What’s the Next Big Thing in Gaming?
Ironically, the next big genre might not be about gameplay mechanics at all, as much as that used to be the trend – it might just be about community. Games like Helldivers 2, Palworld, and No Man’s Sky have proven that social experiences built around cooperation (or chaos, let’s not forget the chaos) can capture players for months on end, without a unique gameplay loop or live service component to their name. But they also hint at a future where players drive the narrative together in shared worlds, don’t you think?
Think of the insane amount of community driven Minecraft servers, GTA RP, or Sea of Thieves – games where the systems are simple, but the stories come from the people playing them. That digital stage idea, where developers provide the tools and players provide the drama, is becoming increasingly powerful, and we can see why.
We’re already seeing studios like Rockstar, Bethesda, and Hello Games lean into community-driven design. Combine that with improved modding tools and cross-platform accessibility, and we might see the rise of what you could call the Storylike, perhaps? Not a single-player experience per se, not a competitive arena, but a living, evolving narrative built by the crowd.

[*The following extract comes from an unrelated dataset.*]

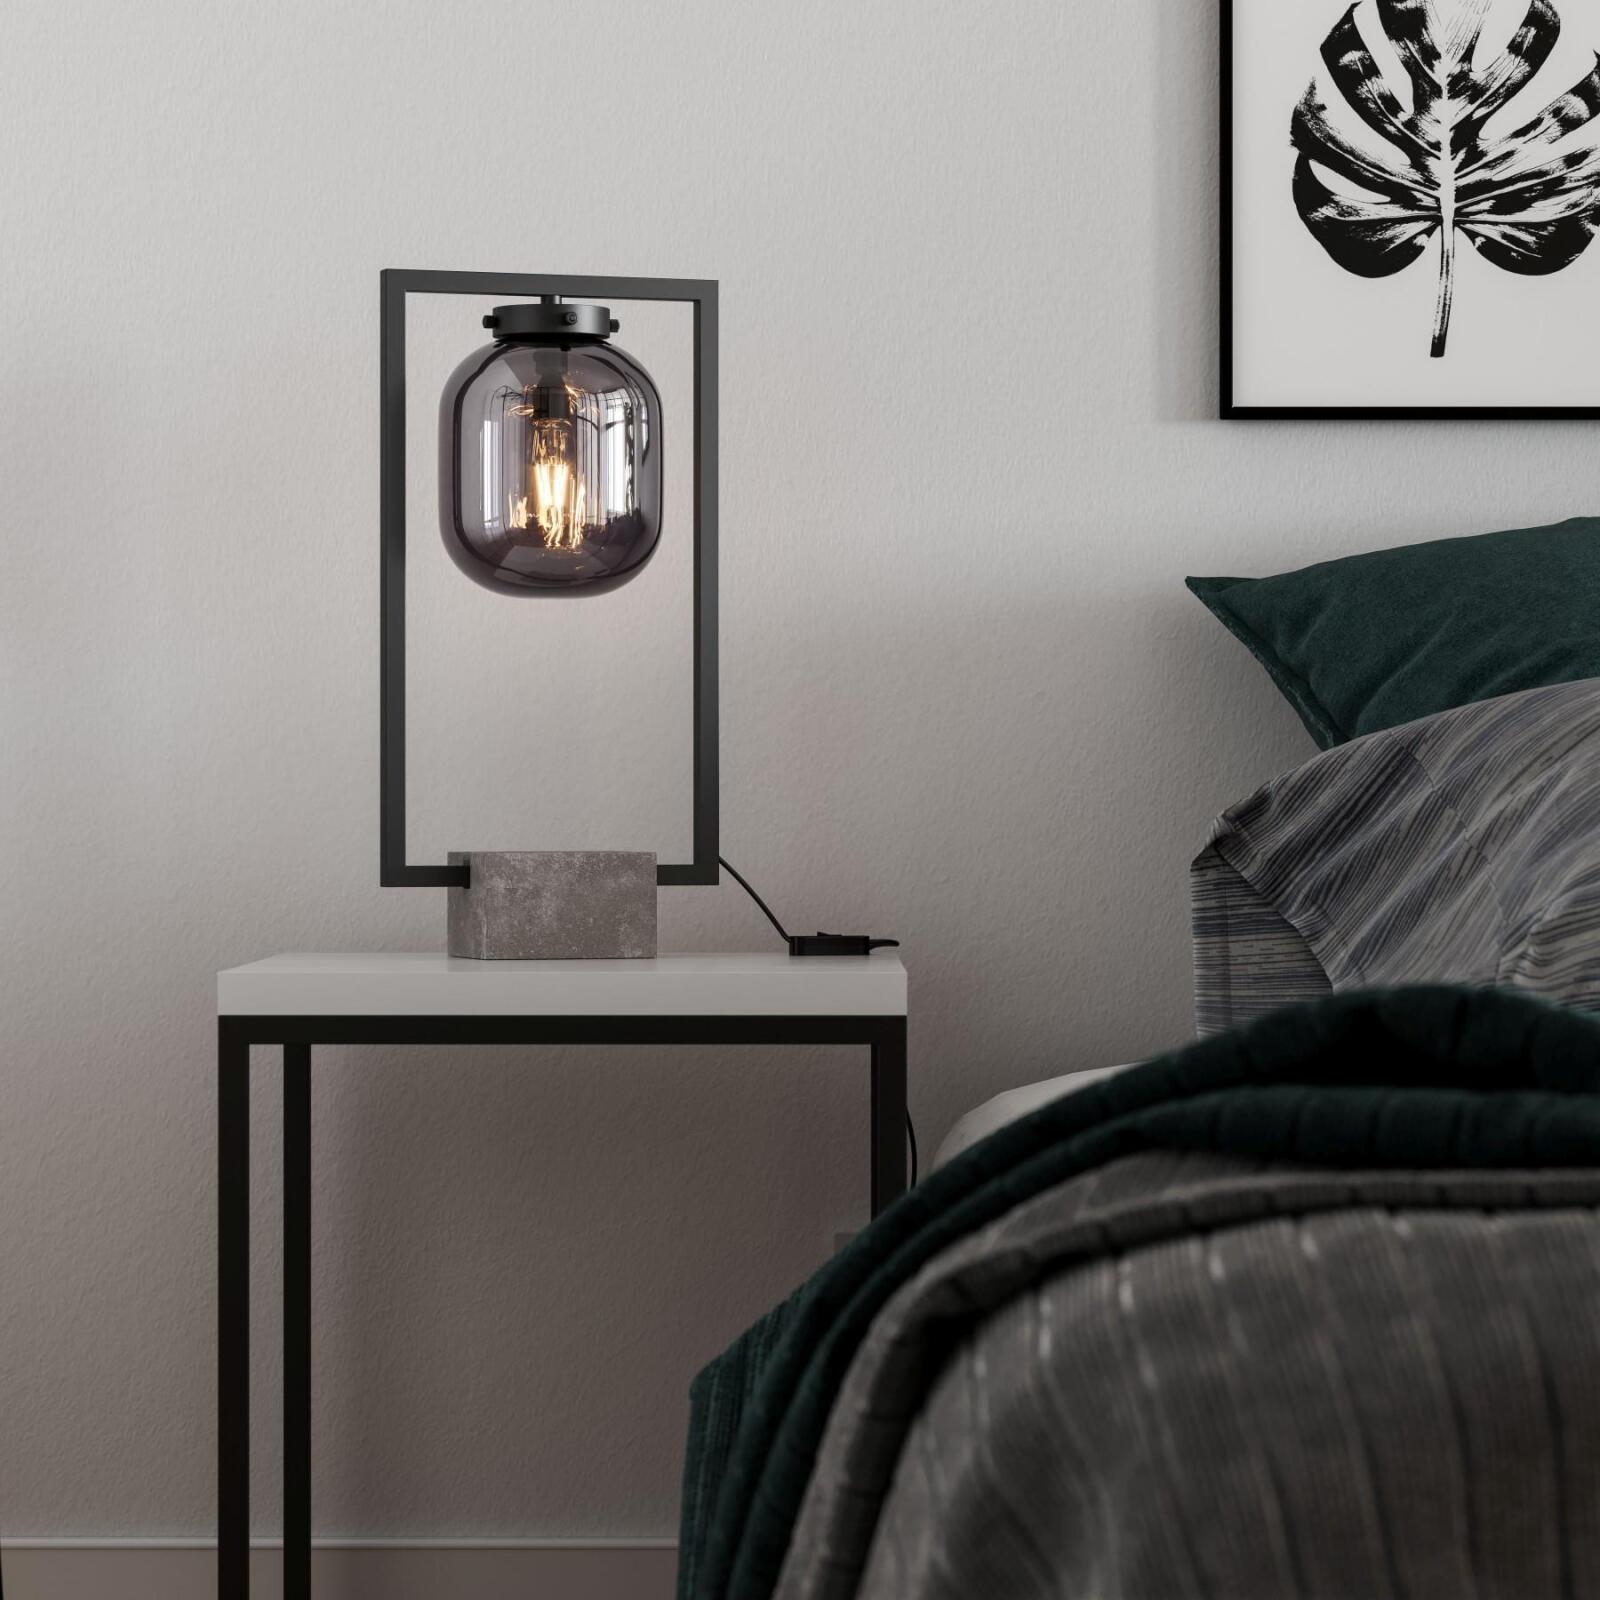 By Rydens & Dixton Glasschirm rauchgrau Leuchten schwarz Höhe - 52cm Onlineshop Tischleuchte Lampen Metall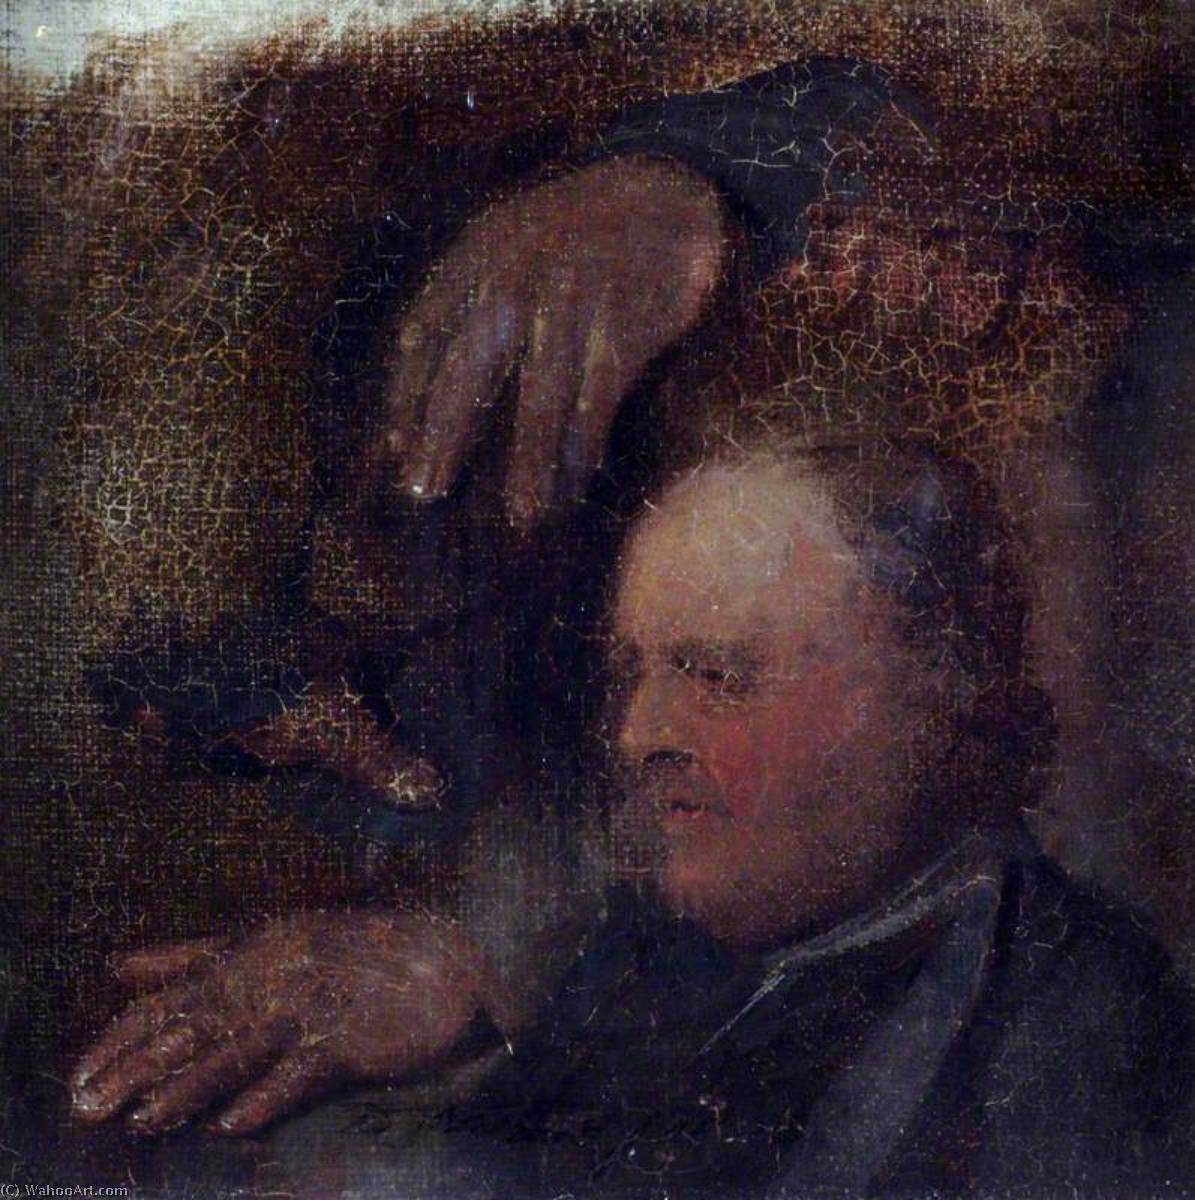 WikiOO.org - אנציקלופדיה לאמנויות יפות - ציור, יצירות אמנות David Wilkie Wynfield - A Head and Two Hands (sketch)

If we had to give the next wave a name, it might even be the Immersivelike – games focused less on killing things and more on existing in worlds that feel reactive, intelligent, and deeply personal.
We’re already seeing hints of it in Starfield’s mod scene, V Rising’s systems, Baldur’s Gate 3’s social storytelling, and Project Zomboid’s survival simulation, if we had to name a few. Because after a decade of grind-heavy, battle-pass-laden live-service noise, players seem ready for something else, and the feeling is palpable. Imagine a game that makes us as a community feel like we belong somewhere again. And maybe that’s what the next “-like” will really be – not a set of mechanics, but a feeling. Maybe it’s wishful thinking, but it sounds good to our ears.